With LU4 becoming imminent, the journey of this new batch of doctors-in-training continues. Surely, 2025 will storm on, and they will relentlessly #DareToBeXXV.
The faculty also thoroughly planned the physical layout of the program. Stations were divided among all the available rooms of Calderon and access to sanitizing stations was ensured in each room. Every student received their schedules and room assignments beforehand to streamline the workflow. They also acquired COVID-19 kits containing additional face masks and shields.
For the program, which lasted from July 16 to July 30, the faculty split the class into two batches―one for each week. Each batch was further divided into subgroups of five students to control traffic in the stations. The faculty placed the stations in various rooms of Calderon Hall, including those in the second floor up to the third floor.
In stark contrast to the typical dissection experience, the students arrived to cadavers already prosected by the Department of Anatomy. Set-ups were provided for students to practice their clinical skills in doing procedures such as thoracentesis, ophthalmoscopy, and endoscopy. The UPCM faculty unveiled its prowess in medical education technology through Anatomage Table, a table with a touch screen that reconstructs individual structures in accurate 3D, allowing visualization of the human body as they would in a fresh cadaver. Dr. Jose V. Tecson III, an associate professor of the Department of Anatomy, even lent his virtual reality headset to the entire batch for an immersive, three-dimensional dissection. All these set-ups truly enriched the class' understanding of human anatomy.

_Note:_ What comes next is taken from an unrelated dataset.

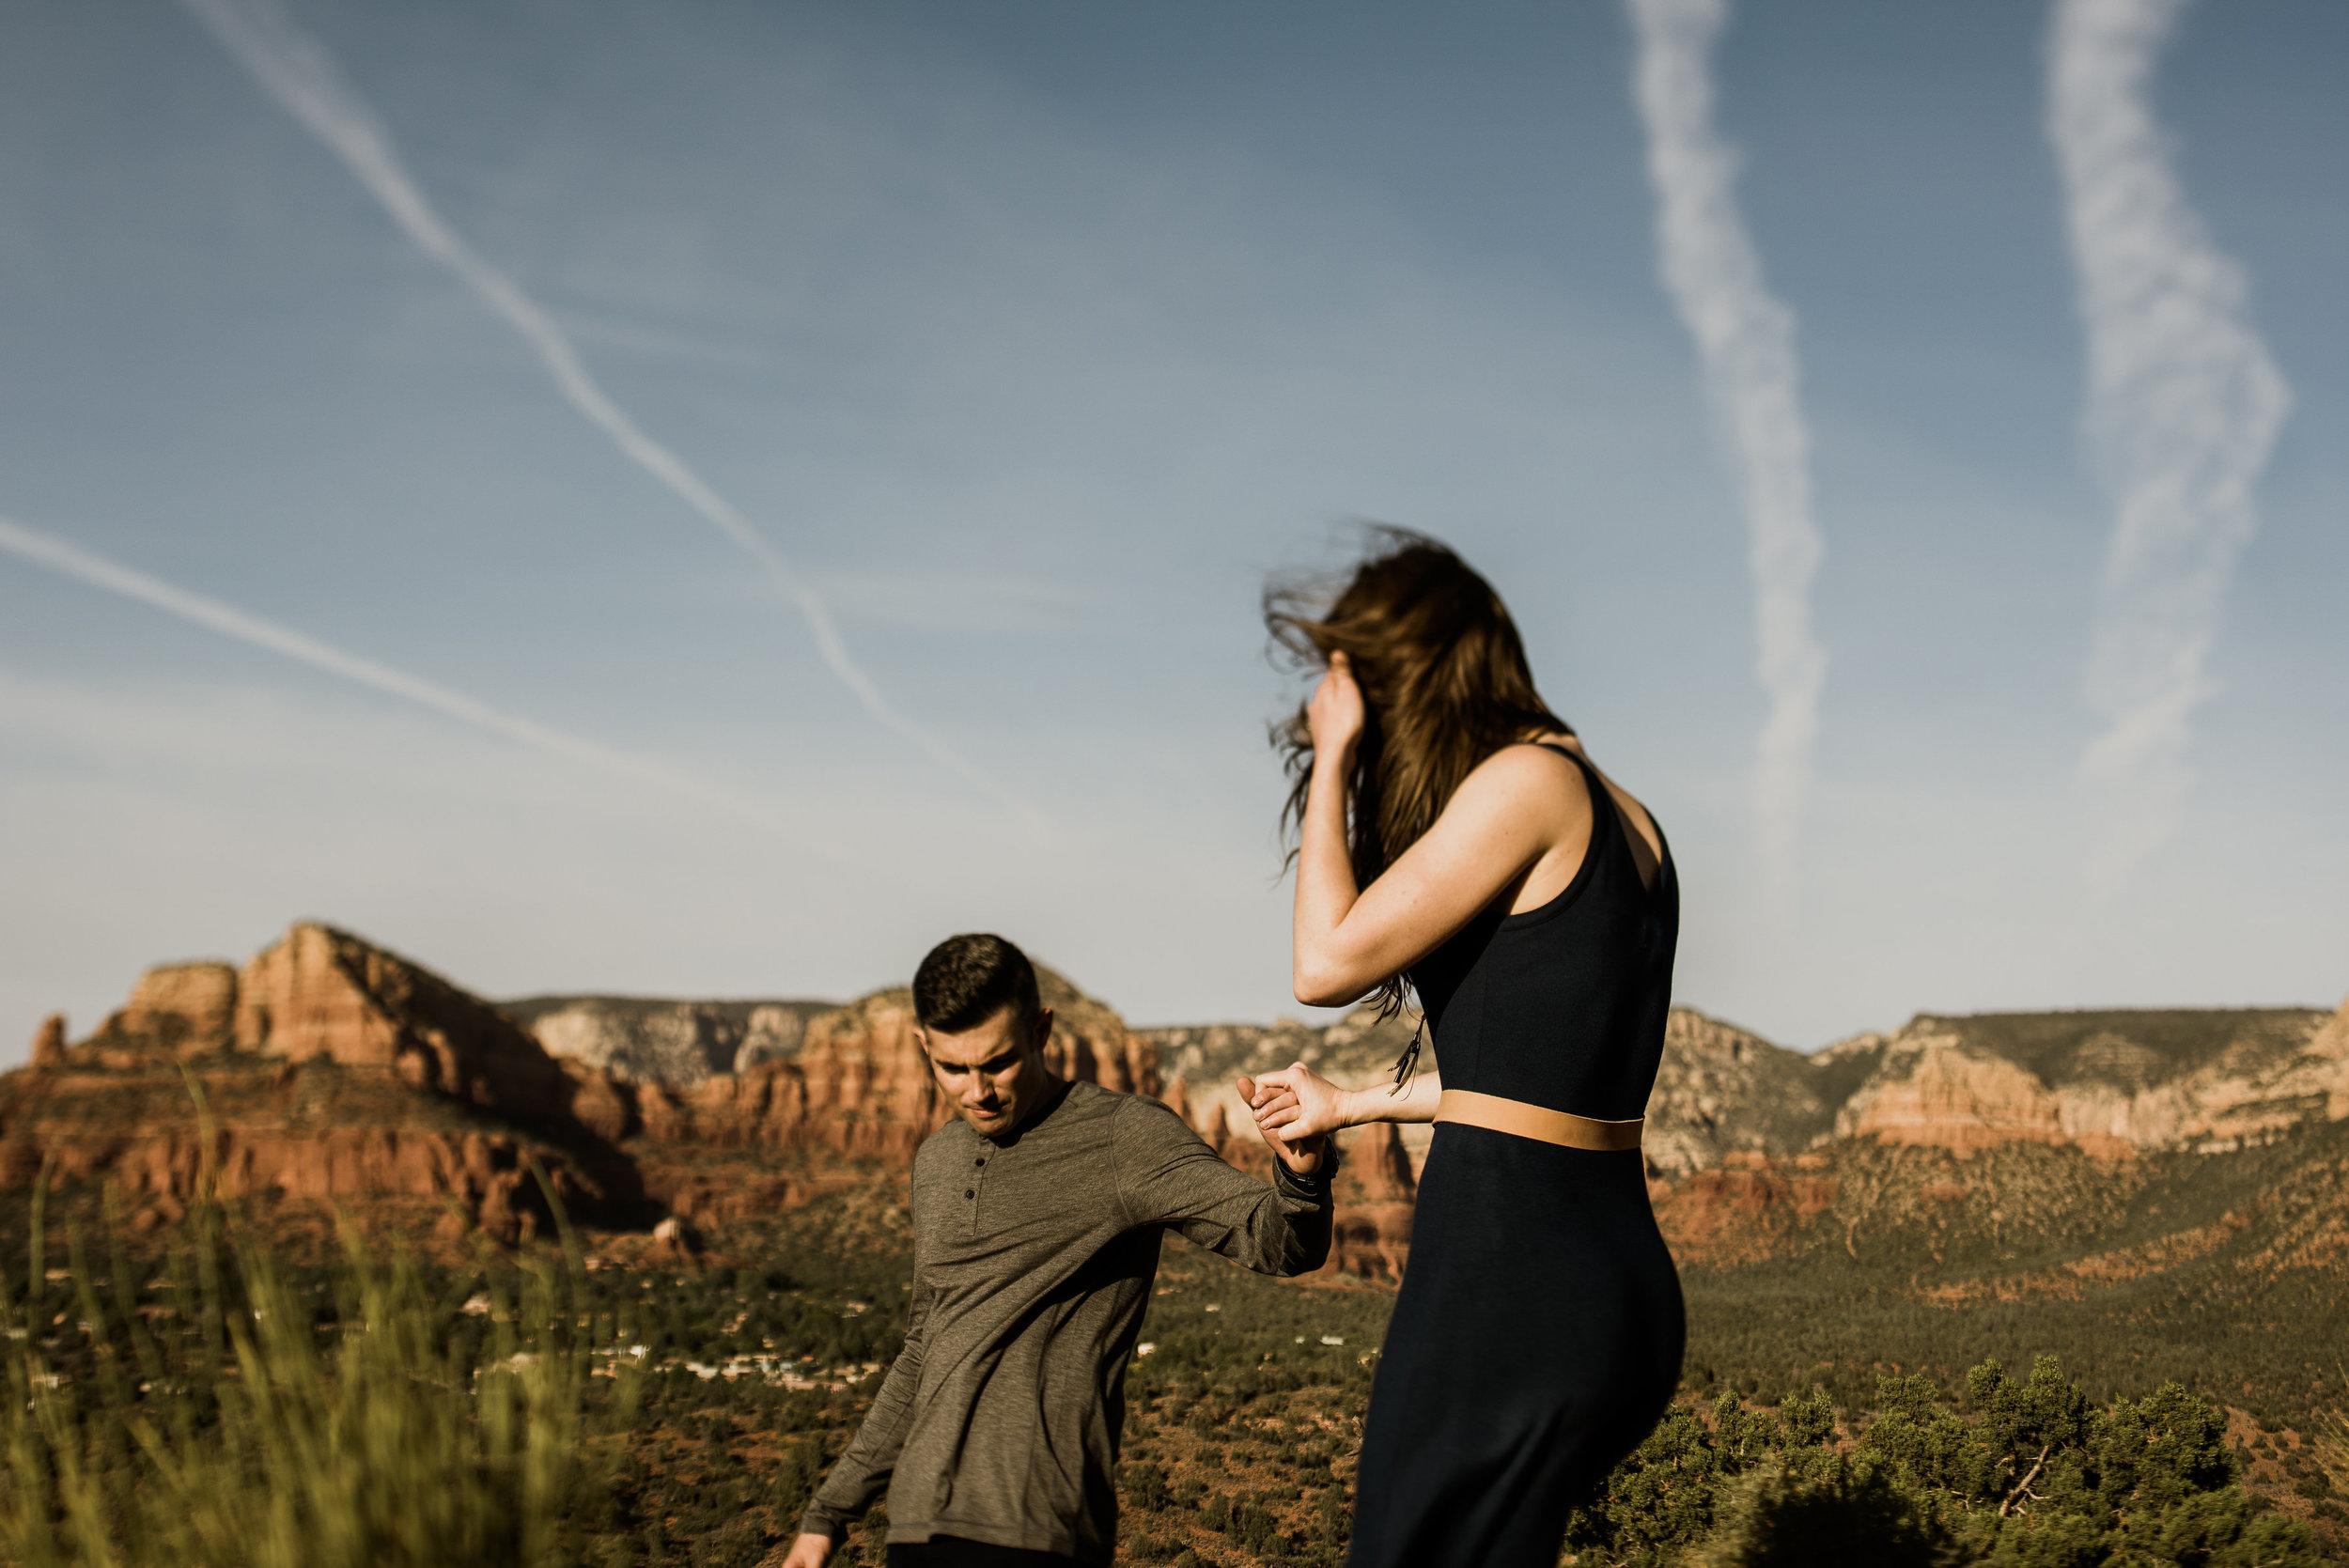 Isaiah-&-Taylor-Photography---Paul-&-Karen-Engagement,-Sedona-Arizona-048.jpg

Class 2025 likewise faced unexpected challenges participating in the program. Considering the welfare of the students, the faculty had to postpone the start of the program due to inclement weather, and students exposed to floodwaters were given prophylaxis for leptospirosis. Most notably, they had to end the program early due to the increasing threat of the new COVID-19 Delta variant which eventually raised the NCR's restriction level to ECQ just a few days after the program ended. Dr. Tecson reported that no faculty, staff, and students developed COVID-19 symptoms during or after the program.
UPCM 2025 pursued all opportunities to get #VaccToSchool! Last July 2021, students of the UPCM Class of 2025 received their COVID-19 vaccine doses at the Sta. Ana Hospital and PGH in Manila.
Looking back at LEAP
Dissection is a memorable milestone in a medical student's journey. Flaunting their newly-bought scrubs and greaseless scalpels, students looked forward to getting a hands-on, deep dive into the human body. However, with the pandemic, the national education system had to make use of whatever’s available and resorted to alternative learning platforms.
LEAP 2025 proves that with proactive planning with health experts and by strictly enforcing guidelines and protocols, it is possible to transition, albeit slowly, from the alternative virtual learning to an ideal face-to-face set-up. It goes without saying that learning through actual, face-to-face encounters is integral for professions dealing with actual people such as medicine. To be a competent physician, one must have a real-world experience in both basic and clinical aspects of medicine. With this, we all can build on the experience of LEAP 2025 as we prepare and hope for the future of medical education.